_About this task_
When you restate the data, keep every word as it is and drop the images.

== Information provided

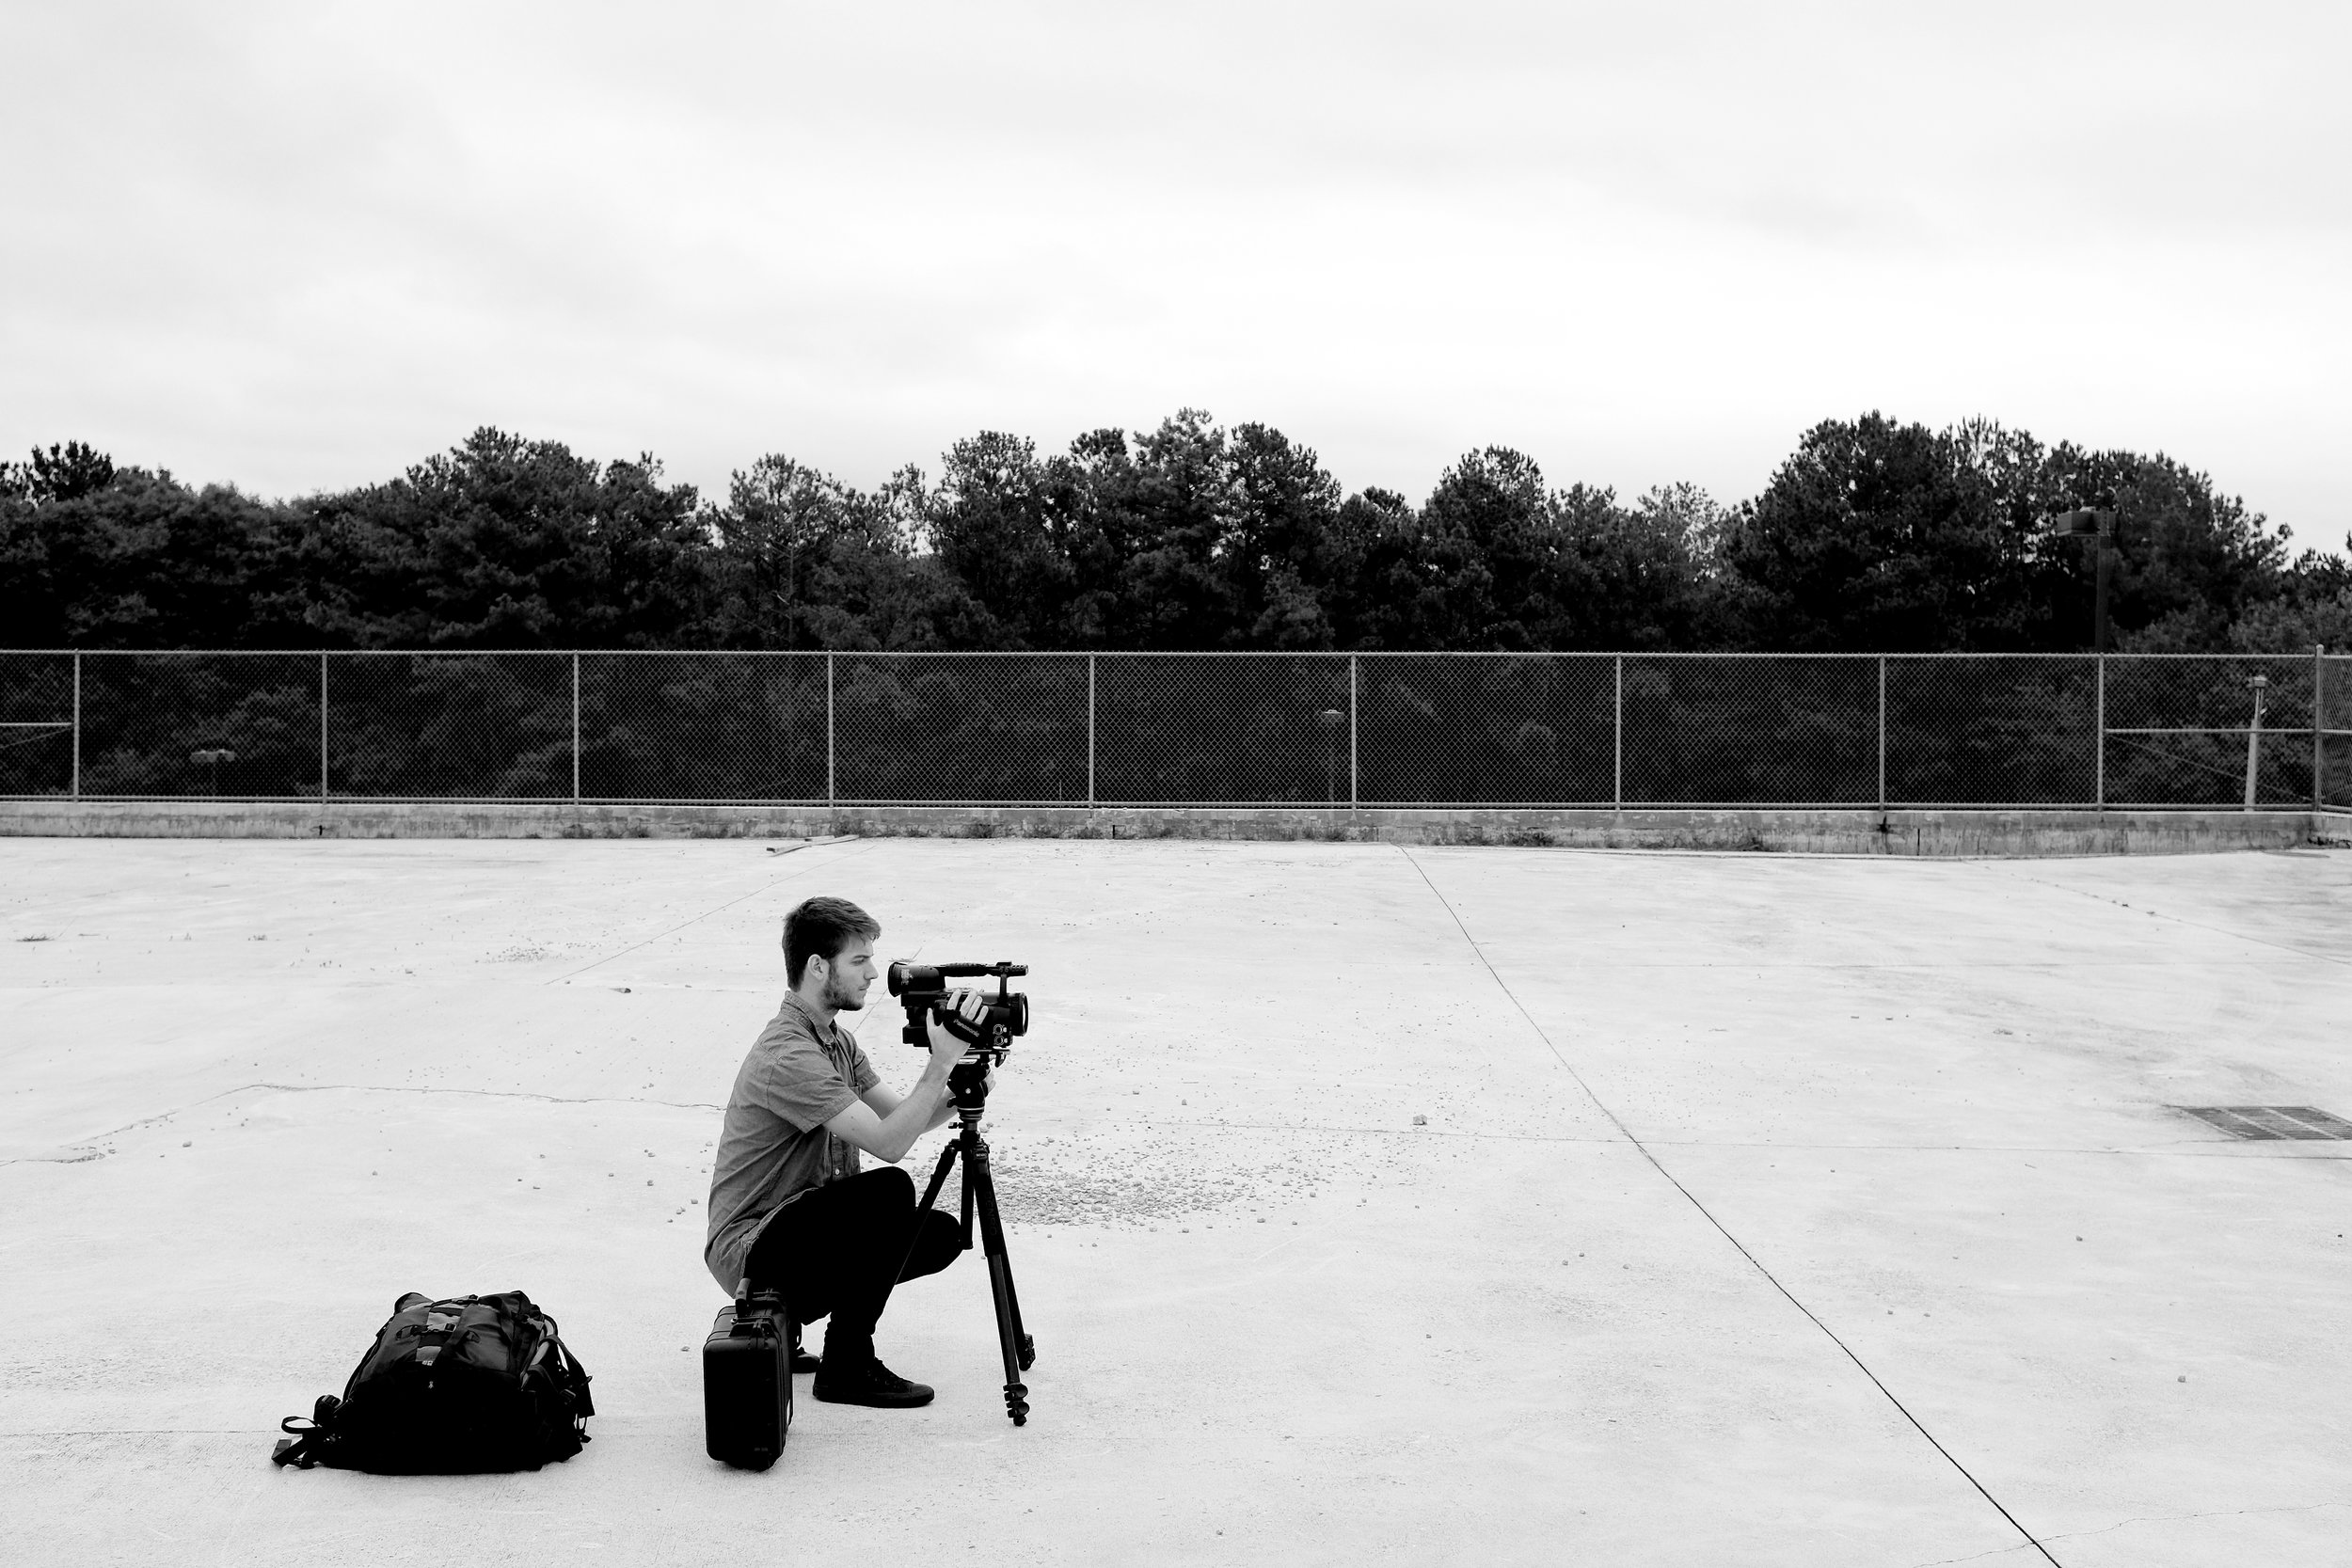 20_Sizemore Dead Filming Atlanta.jpg
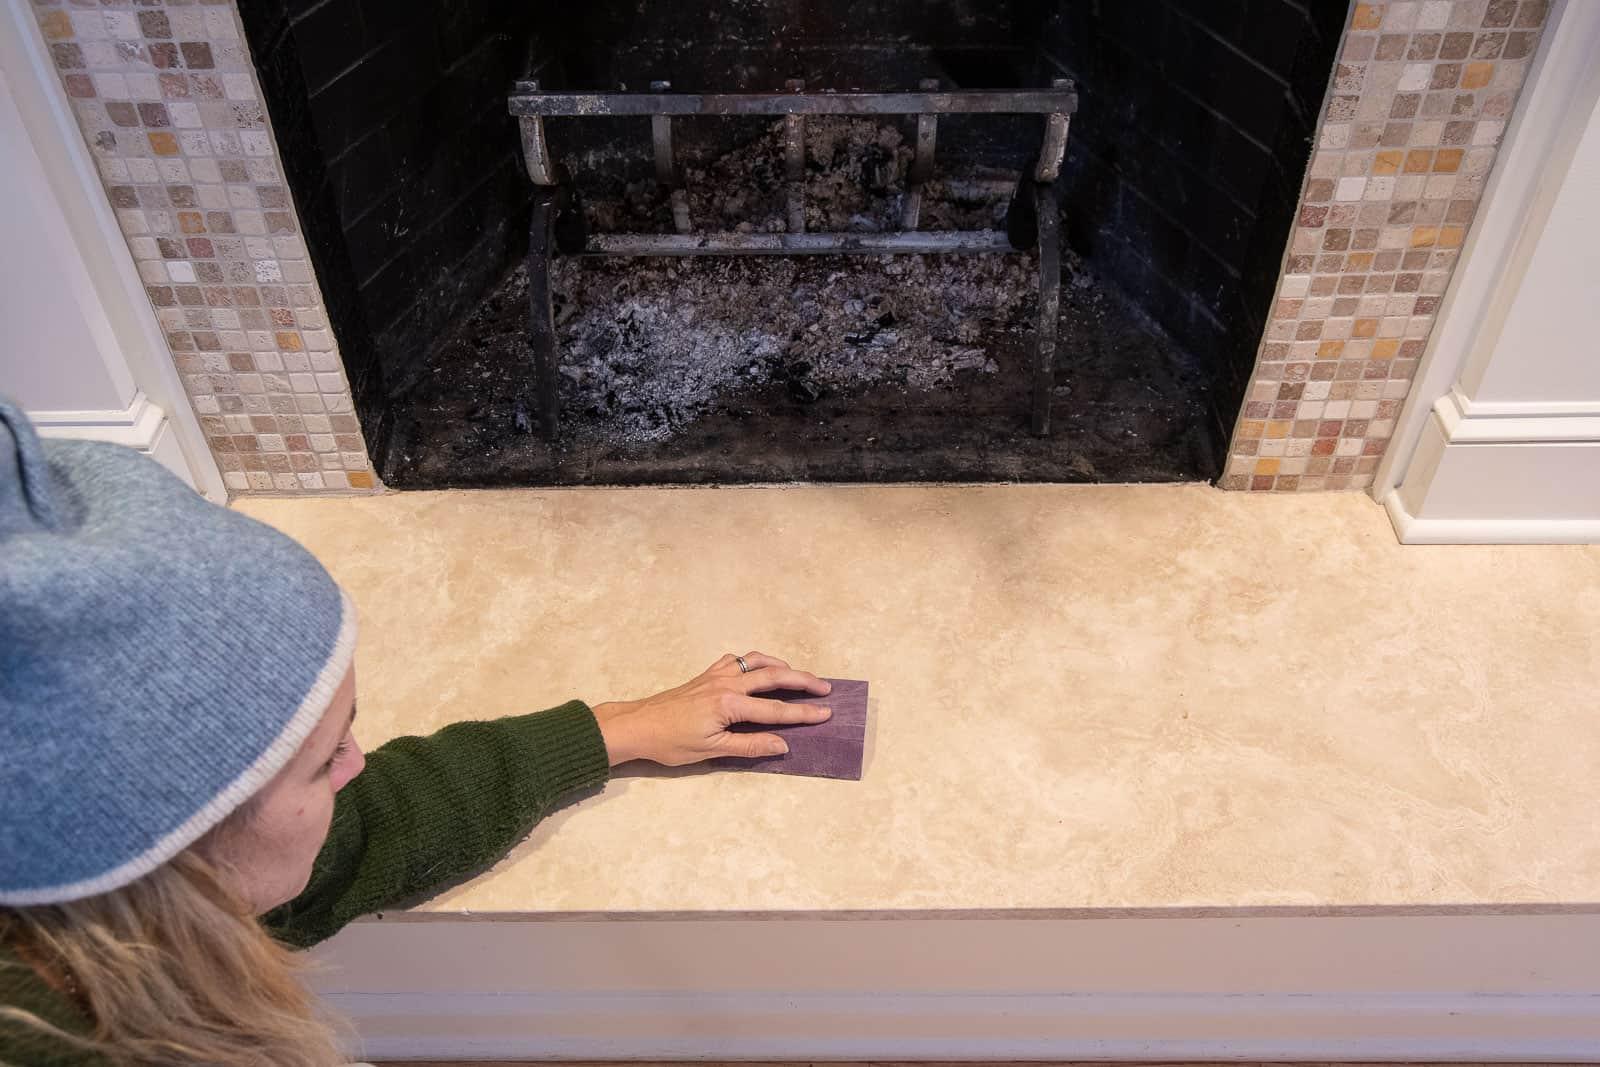 lightly sand the tile
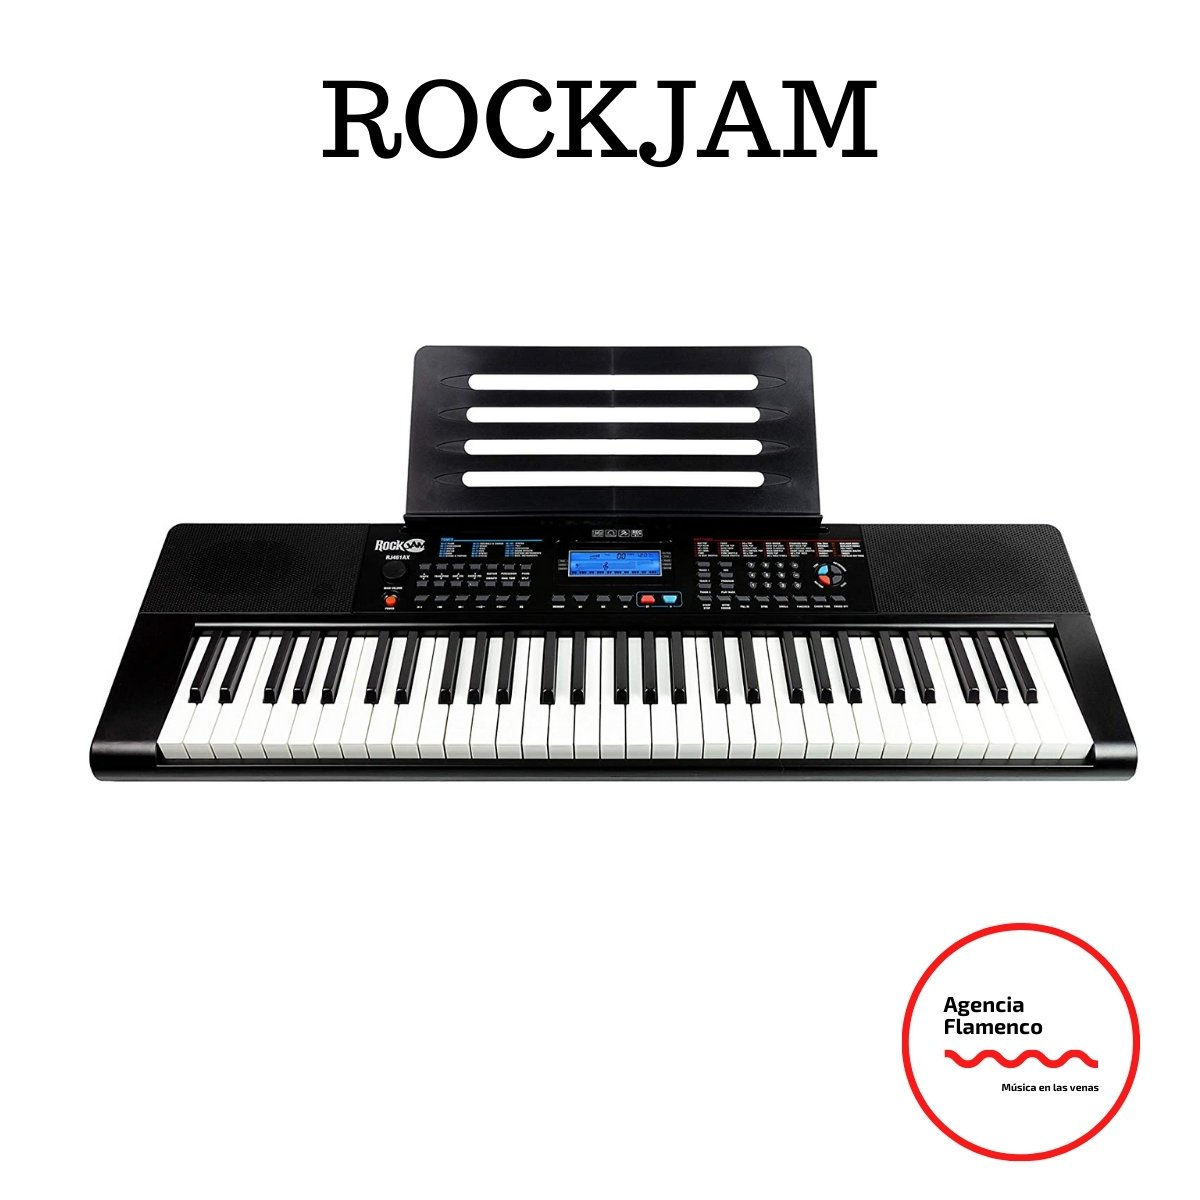 2. RockJam RJ461AX Teclado de piano digital portátil Alexa de 61 teclas
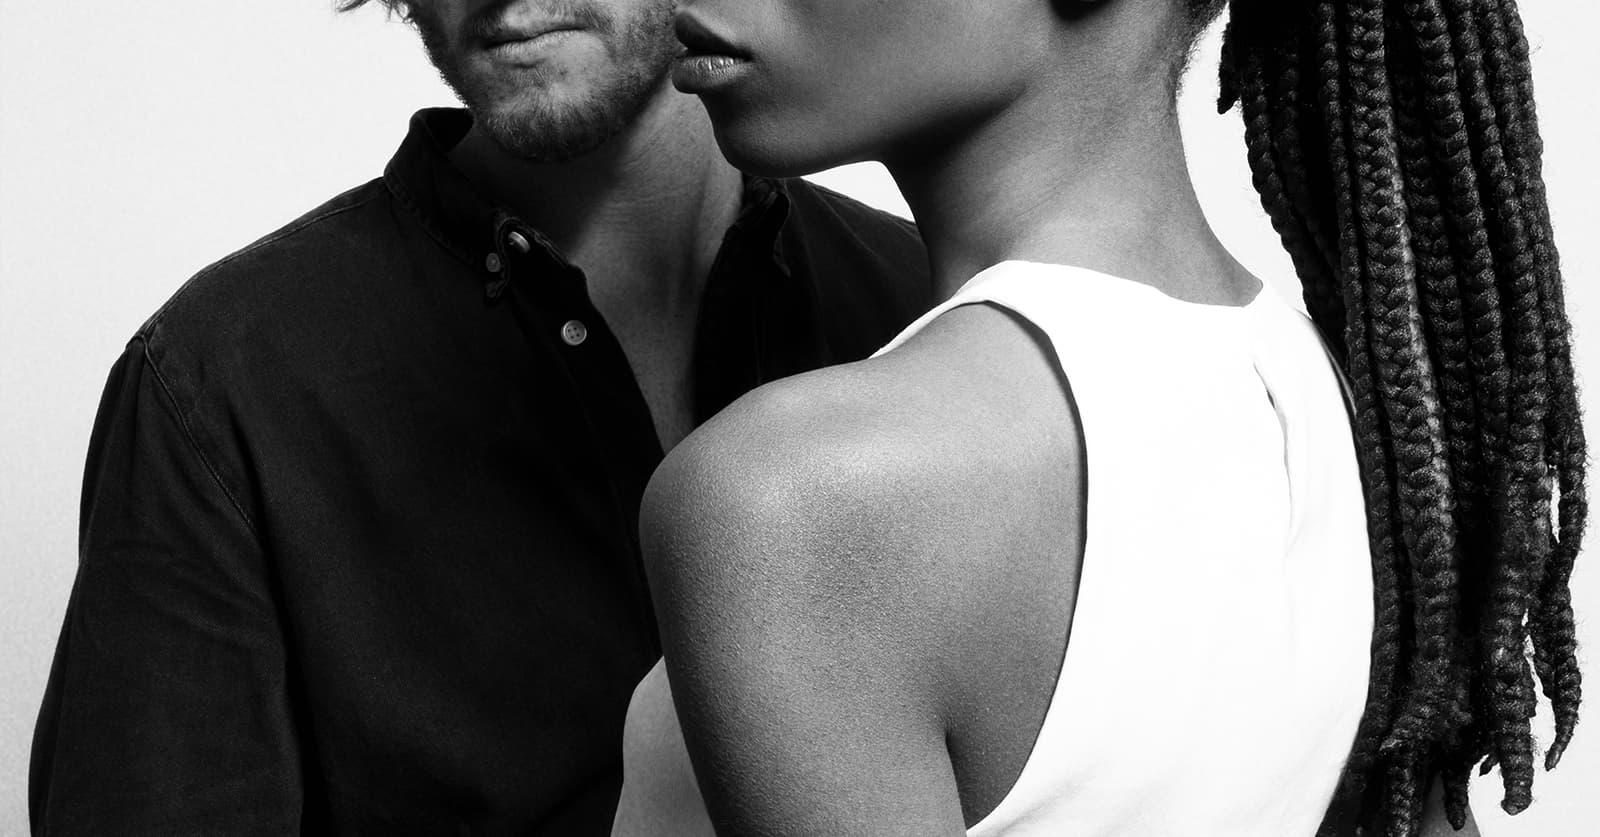 eyepetizer-x-mia-burton-man-and-woman-b&w-closeup

====

_Written response_
 20_Sizemore Dead Filming Atlanta.jpg
 lightly sand the tile
 2. RockJam RJ461AX Teclado de piano digital portátil Alexa de 61 teclas
 eyepetizer-x-mia-burton-man-and-woman-b&w-closeup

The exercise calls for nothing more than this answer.